25
ROGER MURARO
... This sonata can be all things to all people, according to the inspiration, the
character, the mood of the performer; it can follow the instant, the fleeting
sentiment, or be straight-backed and noble! Every interpretation is different,
yet they all remain ‘the Liszt Sonata’.
I like to recall the dedication to Robert Schumann that Liszt placed on the title
page of his score, and I see in that more than just a simple gesture of thanks to
the composer of the Fantasie op. 17 for his dedication of that work to Liszt. I see it
more as a symbol: two works of genius, each dedicated in mutual admiration to a
composer of genius and identifying himwith the work inscribed to him.
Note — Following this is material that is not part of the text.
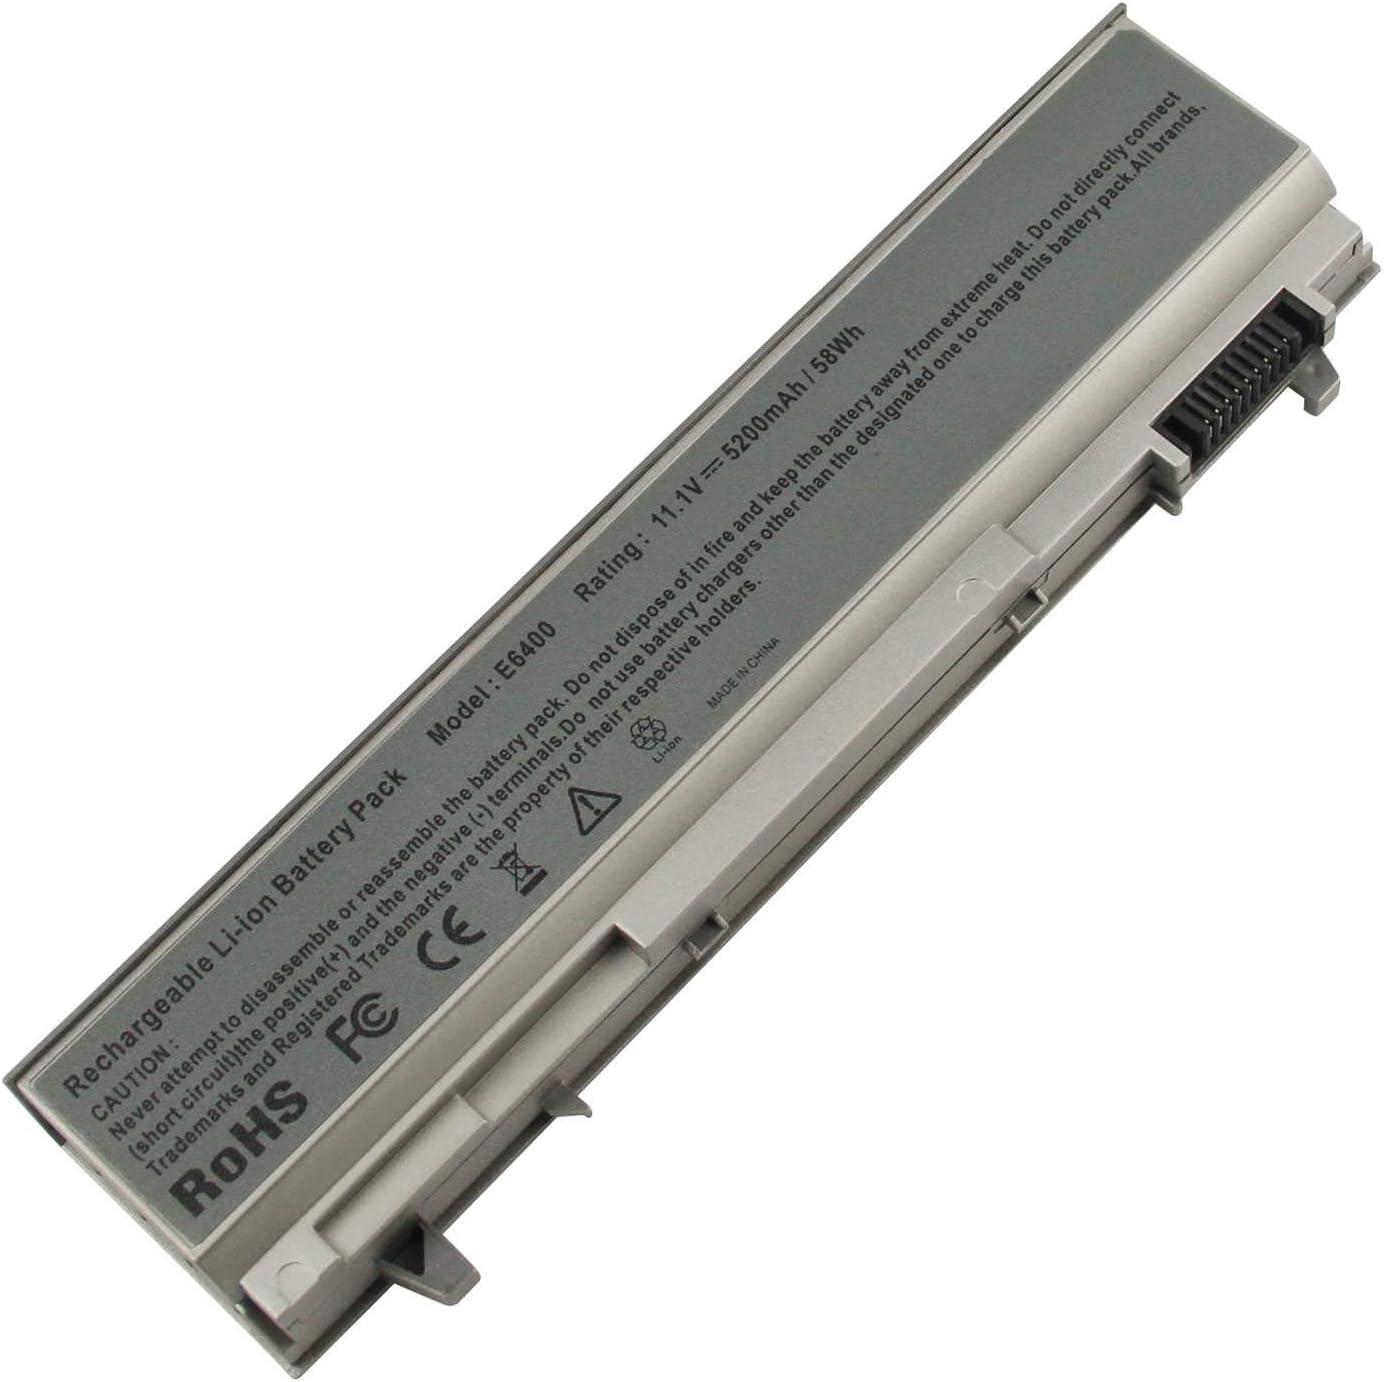 New Laptop Battery for Latitude E6400 E6410 E6500 E6510 Precision M2400 M4400 M4500 M6500

Of course the structure of the Sonata was familiar to me; I had analysed it. But its
true stature escaped me when I played it for the first time: I was twenty-two years
old. Its form was weakened by the surges of enthusiasm my youth injected into
it – its themes presented then reprised in a different tempo, its highly contrasting
moods were obviously an invitation to me to do just that. Liszt’s Sonata, that fully-
fledged dramatic persona, that sentinel of the Romantic piano, was bound to
tempt the young pianist I was then: it’s a work teeming with complex, violently
opposed feelings, seemingly solid then suddenly slipping out of one’s grasp.
In the end, can the B minor Sonata really bear any and every treatment, as I
suggested earlier? I don’t know. But when I was young it had, in my heart, a raison
d’être different from the reason for which I find it so essential today. Perhaps one
should read into that the expression of the word ‘Romanticism’, that movement
which had been so thoroughly anticipated by literature: the whiff of sulphur in
Byron, the revolutionary engagements of Victor Hugo, the dreams of Lamartine,
Novalis, Hölderlin. And of course the writings of Schiller and of Goethe, whose
Faustian spirit the Sonata so faithfully reflects. These authors nourished Liszt’s
thinking, as did his love affairs – scandalous at the time – with the erudite women
of letters Marie d’Agoult and Carolyne zu Sayn-Wittgenstein.